Observations of declination in the UK have been made for over 400 years (Figure 4). Declination is the angle required to correct a magnetic compass bearing to a true bearing and in 1824 this was about 24° (blue/left-hand axis). Nowadays this angle is much smaller and is due to change sense in the UK for the first time since the 17th century. Since the 1860s when continuous observations at Greenwich became more reliable, several extremes in the rate of change of declination (pink/right-hand axis) have occurred, most prominently at around 1925, 1969 and 1978. These extremes are seen in other observatories around the world and are called geomagnetic jerks. Understanding their origin is important, not only because they result from interesting dynamical processes in the core and may help determine the conductivity of the mantle, but also for improving time-dependent models of the geomagnetic field and for the strictly practical purpose of forecasting its future behaviour for use in navigation with a magnetic compass.


Declination observations at Greenwich
Figure 4: Declination observations at Greenwich (Abinger 1925-1956 and Hartland 1957 onwards reduced to Greenwich)

International scientific campaigns such as the first International Polar Year in 1882/3, the second International Polar Year in 1932/3 and the International Geophysical Year in 1957/8 encouraged the opening of many observatories around the world. Geomagnetism is a cross-disciplinary science, and as a result, observatories are run by a wide variety of institutes whose interests range from geology, mapping, geophysics (including seismology and earthquake prediction), meteorology to solar-terrestrial physics and astronomy. Most observatories now run three sets of equipment: triaxial fluxgate systems making automatic non-absolute vector measurements, proton precession magnetometers making automatic absolute scalar measurements and fluxgate theodolites requiring manual operation to make absolute vector observations.
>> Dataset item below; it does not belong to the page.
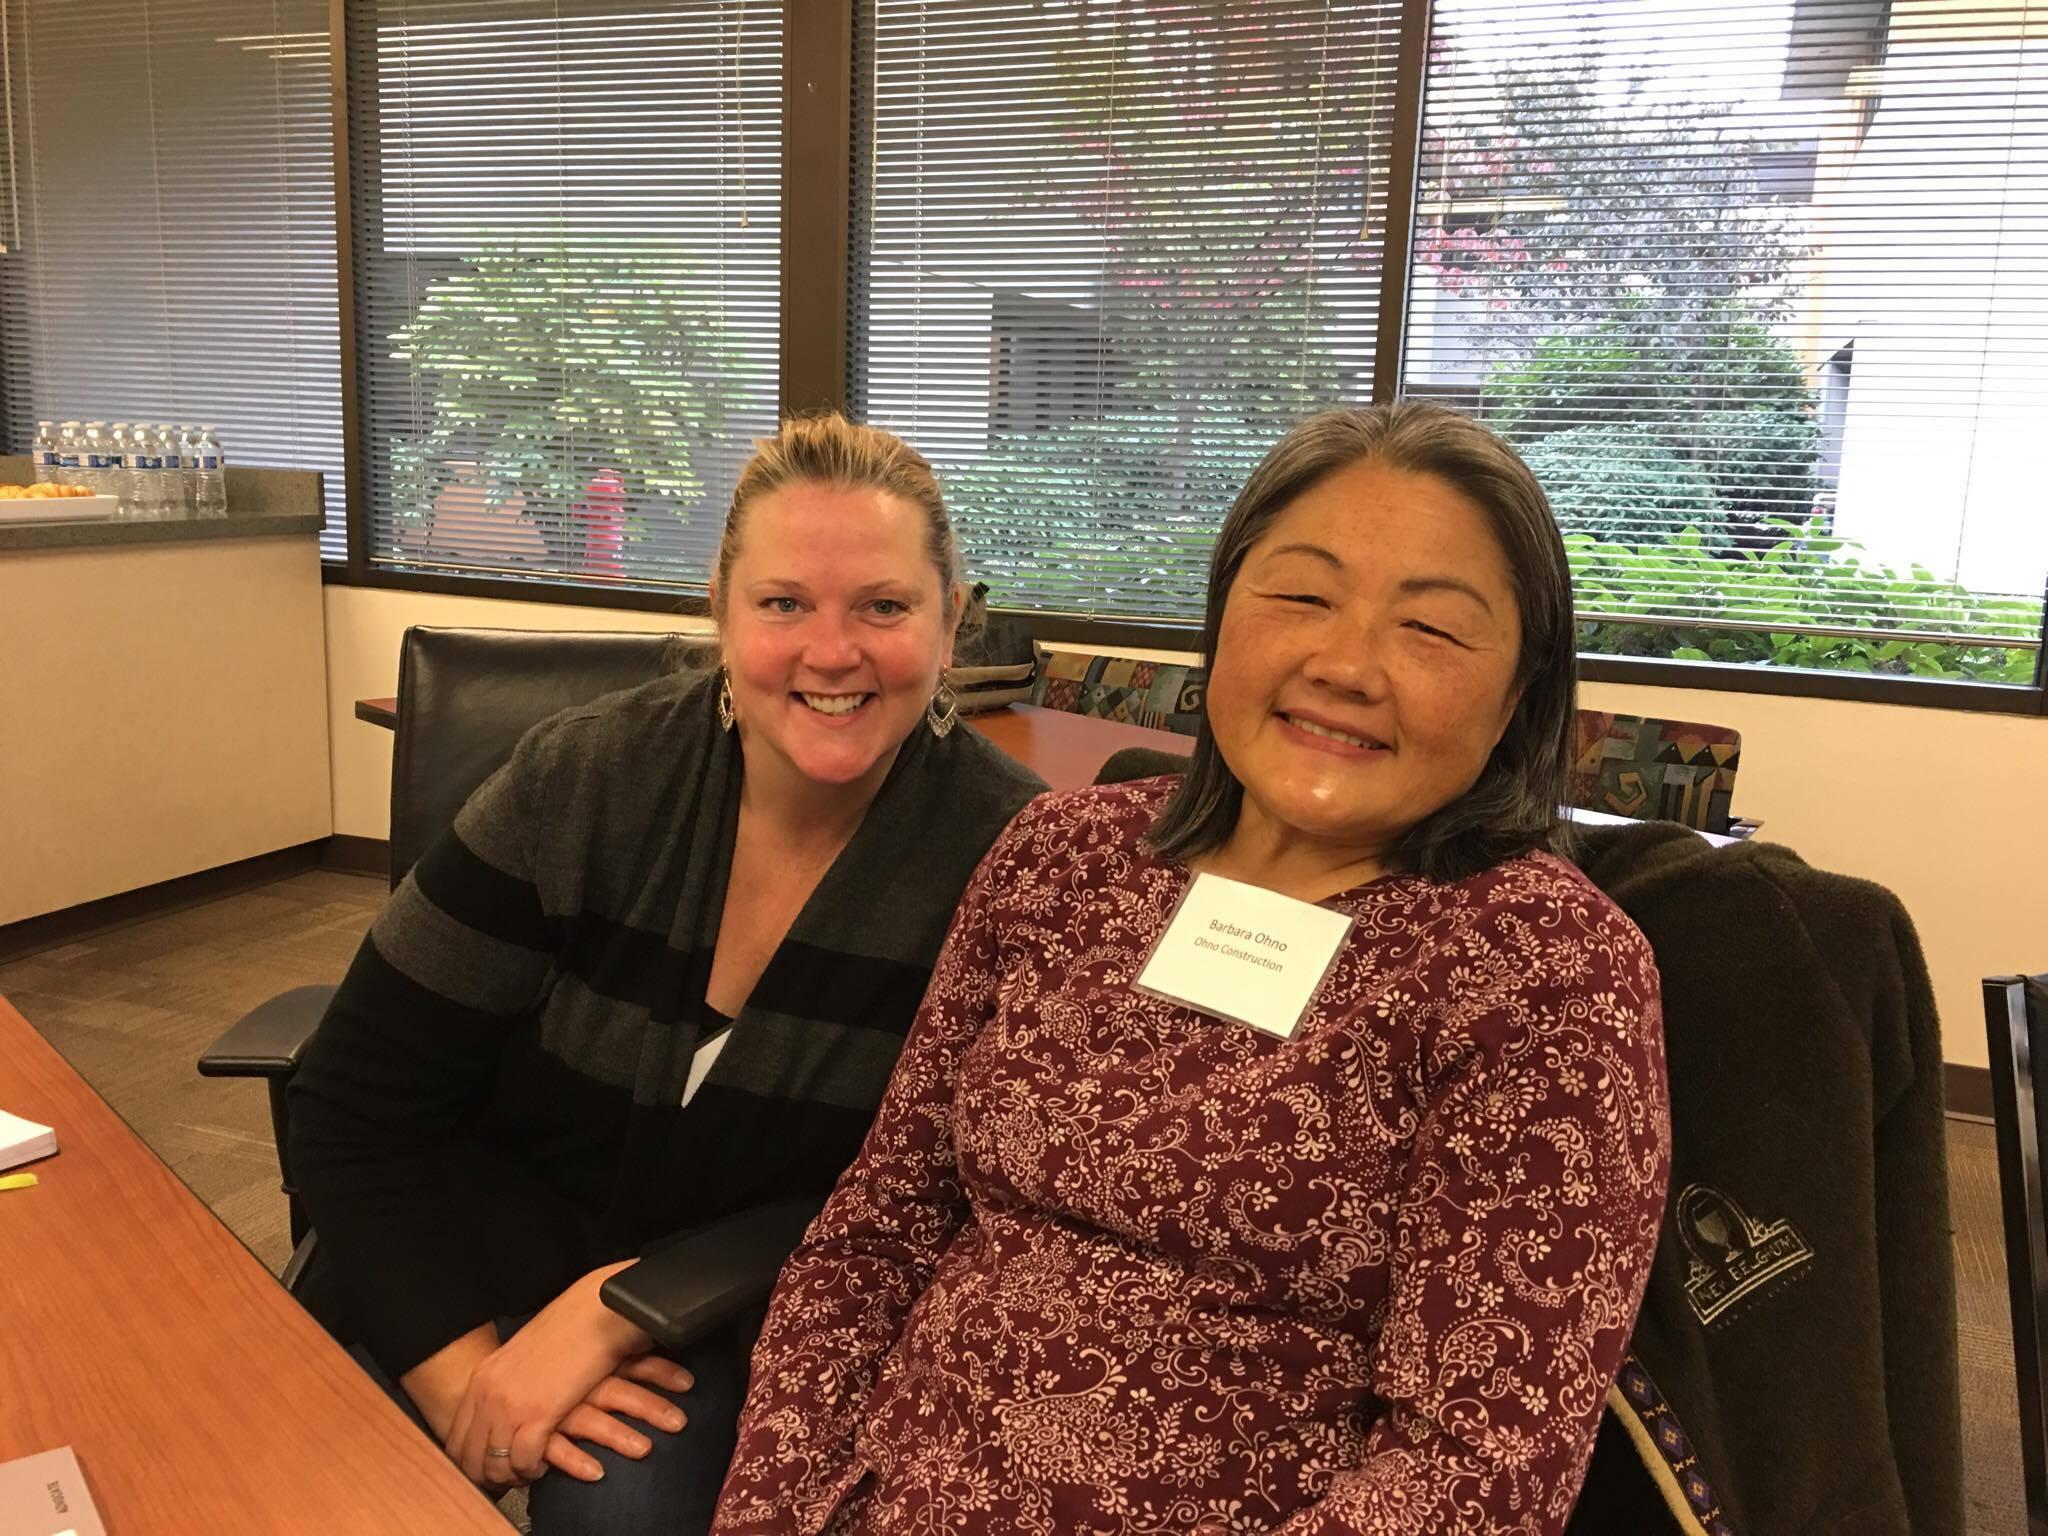 Mary Svendsen (TokuSaku Consulting) and Barbara Ohno (Ohno Construction)

From the late 1950s to the 1970s a series of Russian and American satellites made magnetic field observations but it was not till 1979 that the first satellite made precise, oriented observations of the field. Magsat, an American mission, collected vector data for 7 months at altitudes up to 550 km. It was another 20 years till the next vector satellite surveys. The Danish-led mission Ørsted was launched in 1999 into a higher orbit than Magsat and returned vector data for over 5 years and scalar data for over 12 years. The German-led mission CHAMP was launched in 2000 into a lower orbit than Magsat and returned both vector and scalar data till 2010. Triaxial fluxgate and absolute total intensity magnetometers are placed on a boom to keep them remote from the magnetic effects of the main body of the satellite and accurate sensor orientation is achieved by star cameras. These satellites provide excellent global coverage of homogeneous data and it is expected that these surveys will be augmented with other satellite datasets such as those from the European satellite constellation, Swarm, due to be launched in 2012. With these magnetic survey satellites we are now able to map the Earth’s magnetic field to higher accuracy than ever before and to better understand its various sources

S. Macmillan

Bibliography

Campbell, W. H., 1997. Introduction to Geomagnetic Fields. Cambridge University Press.

Hulot, G., Balogh, A., Christensen, U. R., Constable, C., Mandea, M. and Olsen, N. (Eds), 2010.. Terrestrial Magnetism. Space Science Reviews, . Cambridge University Press.Volume 155, 1-4, Springer.

Jacobs, J. A., 1987. Geomagnetism Volumes 1, 2 and 3. Academic Press. [Volume 1: history of geomagnetism, instrumentation, overviews of main and crustal fields. Volume 2: origins of the Earth's magnetic field and that of the moon and other planets. Volume 3: rock magnetism, palaeomagnetism and the ancient magnetic field behaviour, conductivity structure of the Earth, indices of geomagnetic activity, magnetic field characteristics during solar quiet conditions.]

Jacobs, J. A., 1991. Geomagnetism Volume 4. Academic Press. [This volume covers the solar-terrestrial environment including the solar wind, the Earth's magnetosphere, magnetopause, magnetotail, ionosphere, pulsations, plasma waves, magnetospheric storms and sub-storms, auroras.]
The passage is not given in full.